If you’ve been working in frontline support for a while, you’ve probably seen that service desk analysts are handling more complex issues. According to Zendesk, escalation rates are rising, with 20-30% of tickets now getting pushed to Tier 2 or higher, and first-contact resolution rates around 70-80% (see also data from Fullview).
An escalation has a measurable impact and often costs two to three times more to resolve. This is due to longer handle times and the need to involve staff with specialized knowledge. Customers are affected by longer waits, staff may feel discouraged and it can affect your budget (SQM).
However, there are practical ways to reverse this trend and reclaim ownership at Level 1.
Understand why there are more escalations
To fix a problem, you must understand it. Look at why tickets are being escalated. Some common reasons are:
- Knowledge gaps or ineffective tools that leave analysts unsure of how to proceed.
- Policies that don’t allow the analyst to make simple decisions and force an escalation.
- Routing complex issues to inexperienced staff.
- Lack of change management, causing unfamiliar issues.
- Poor communication of defects.
A mid-sized SaaS company analyzed a month’s worth of ticket escalations and found that 45% of the issues stemmed from just three knowledge gaps. Simply addressing those issues cut their escalation rate by 18%.

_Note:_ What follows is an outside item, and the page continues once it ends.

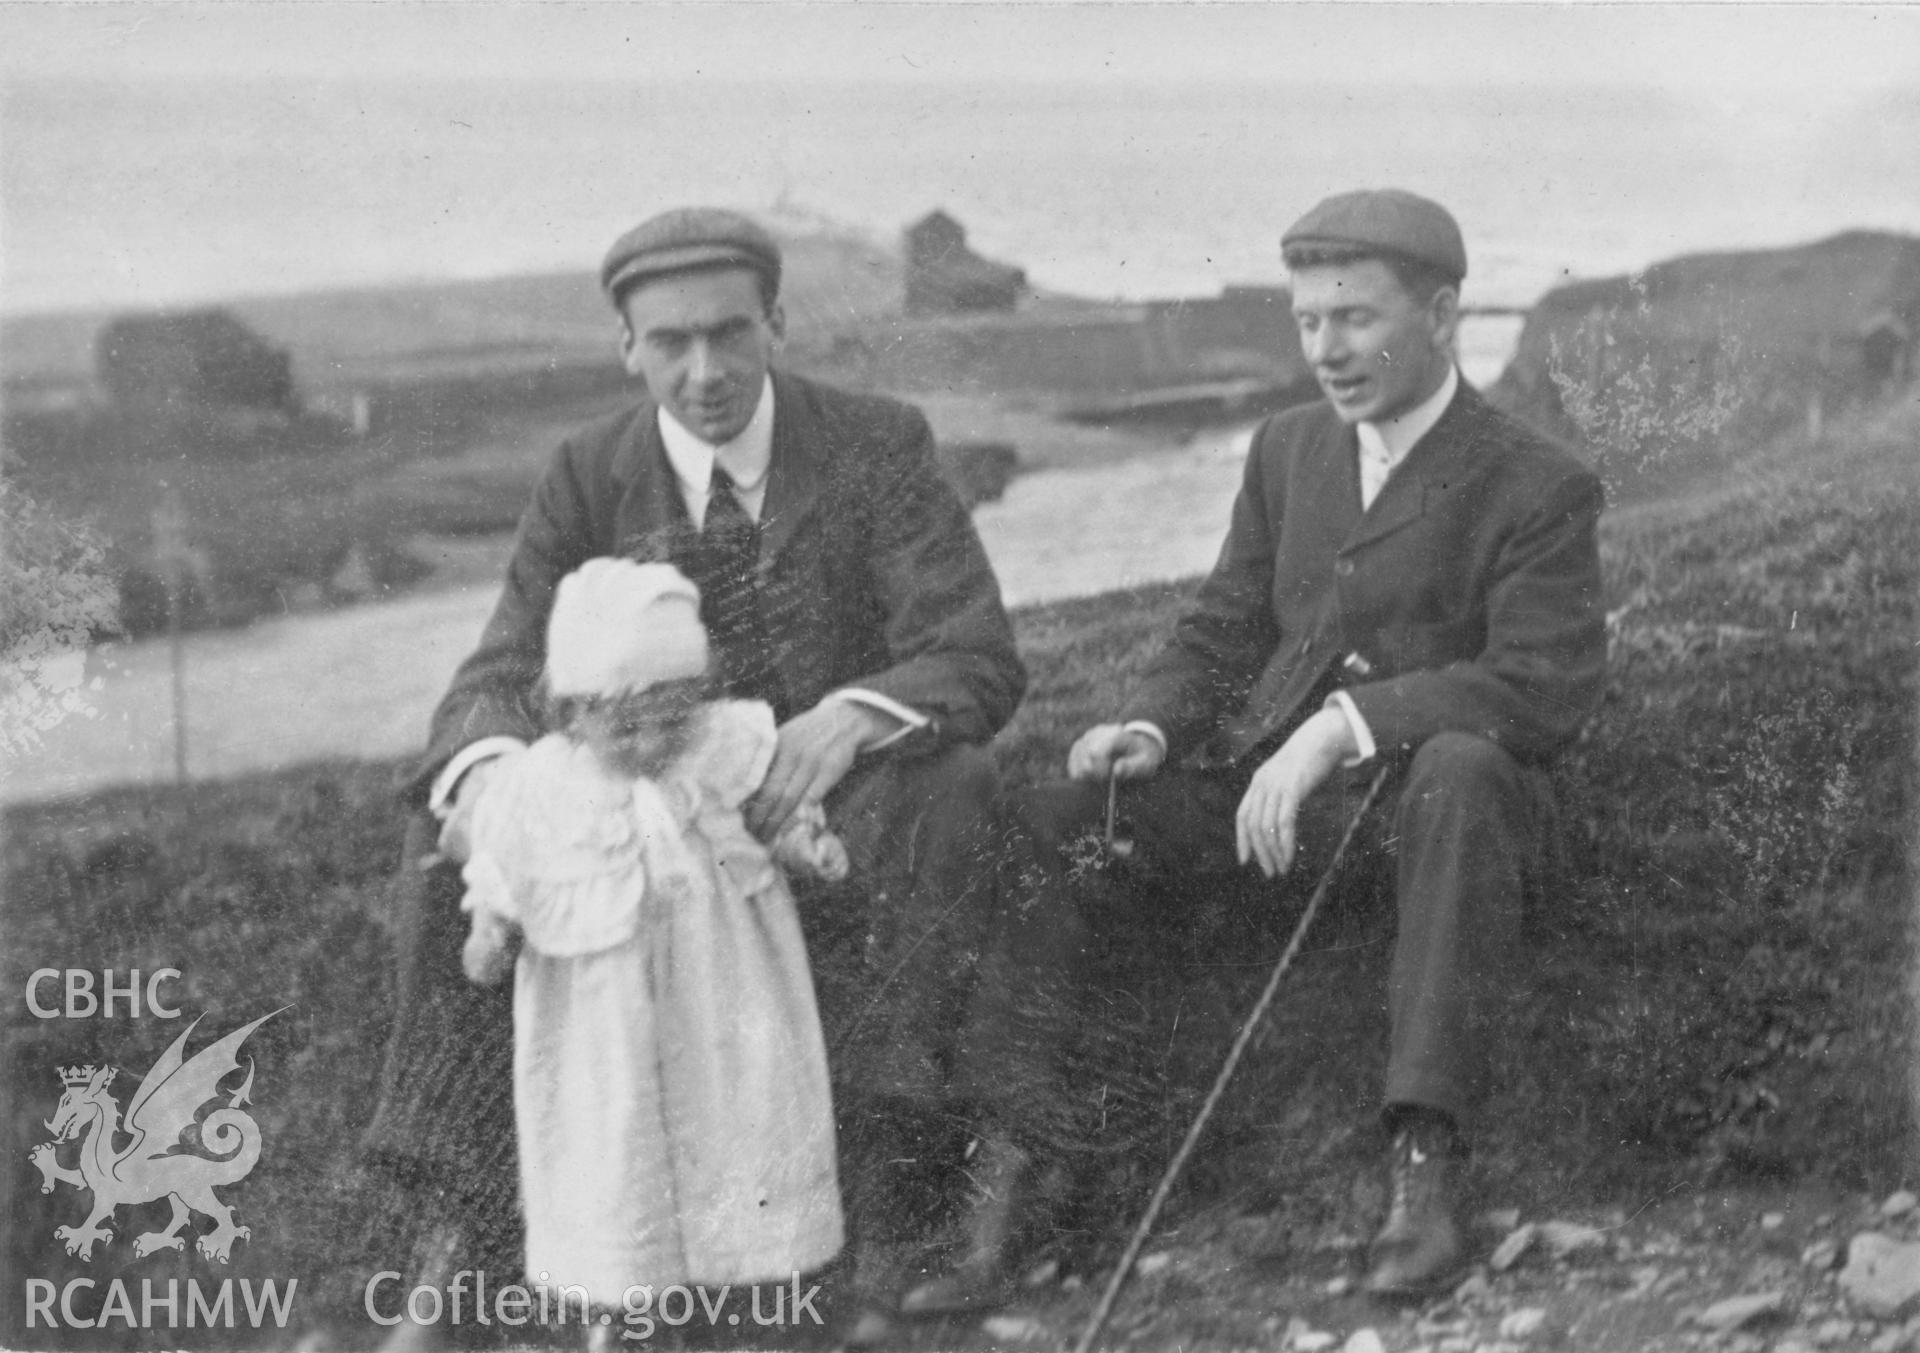 "Returning from Pen Dinas 1903". Photo of two adults and a small child. Digitised from a photograph album showing views of Aberystwyth and District, produced by David John Saer, school teacher of Aberystwyth. Loaned for copying by Dr Alan Chamberlain.

So, pull a sample of recent escalations and categorize them by root cause (knowledge gap, policies, tools, routing, etc.). When you identify a trend, address it with your team.
Empower your team with better tools and training
Escalations happen when your staff doesn’t know what to do. They lack confidence or are unfamiliar with the necessary resources. Effective teams address this:
- Provide training on everyday issues, focusing on avoiding escalations if possible.
- Embed decision trees within the associated knowledge, guiding the analyst to the right outcome.
- Build a robust knowledge base and use real-time knowledge suggestions based on keywords in the ticket. Some AI-based systems “listen in” on a call and display knowledge based on what it hears.
A global technology firm identified the top 10 drivers of escalations with its frontline team and created short, scenario-based videos that addressed them. Within six months, resolution rates at Level 1 improved by 12%, and the staff reported feeling more empowered.
You can take a similar action. Build a Pareto chart identifying the top five escalation issues and update the knowledge article for each. Test with a small group and then roll it out across the team.
Loosen up policies without creating risk
Often, escalations happen because the team doesn’t have the appropriate rights to make a simple decision. Find ways to empower staff:
- eCommerce companies can allow for “goodwill” gestures, where the analyst can give a monetary refund or increase the time limits on demo products.
- For common scenarios, add a list of pre-approved solutions to the knowledge base.
- Provide checklists that encourage ownership, directing the analyst to escalate only if certain criteria apply.
An eCommerce support team raised the refund authority of their support staff by $100 for verified issues. As a result, billing disputes dropped 28%, and customer satisfaction improved.
Identify a common scenario and give half of the team the ability to remediate it. Measure the escalation rates and costs before expanding across the team.
Improve routing
Improving how tickets route means getting issues to the right person the first time. Effective approaches include:
- Use skill-based routing to match a complex issue to the team with the expertise to resolve it.
- Communicate changes and identify known issues and how to avoid them or create a workaround.
- Institute self-service processes that handle routine inquiries before they become tickets.
Teams that use intelligent or skills-based routing often see up to 25% less unnecessary escalations.
Your action: review your routing rules. Identify areas where skill-based routing might be effective and implement it for a single issue. Measure the deflection and resolution rates for 30 days, and if successful, identify additional opportunities.
Conclusion
The payoff for all this work should be a reduction in overall escalations. Even a 10% reduction has a measurable impact on handle time, resolution time and costs. Customers are happier, and the staff feel empowered.
Start today by conducting root-cause analysis and fix the most significant issues first. As you progress, you’ll watch the results — and ownership — grow.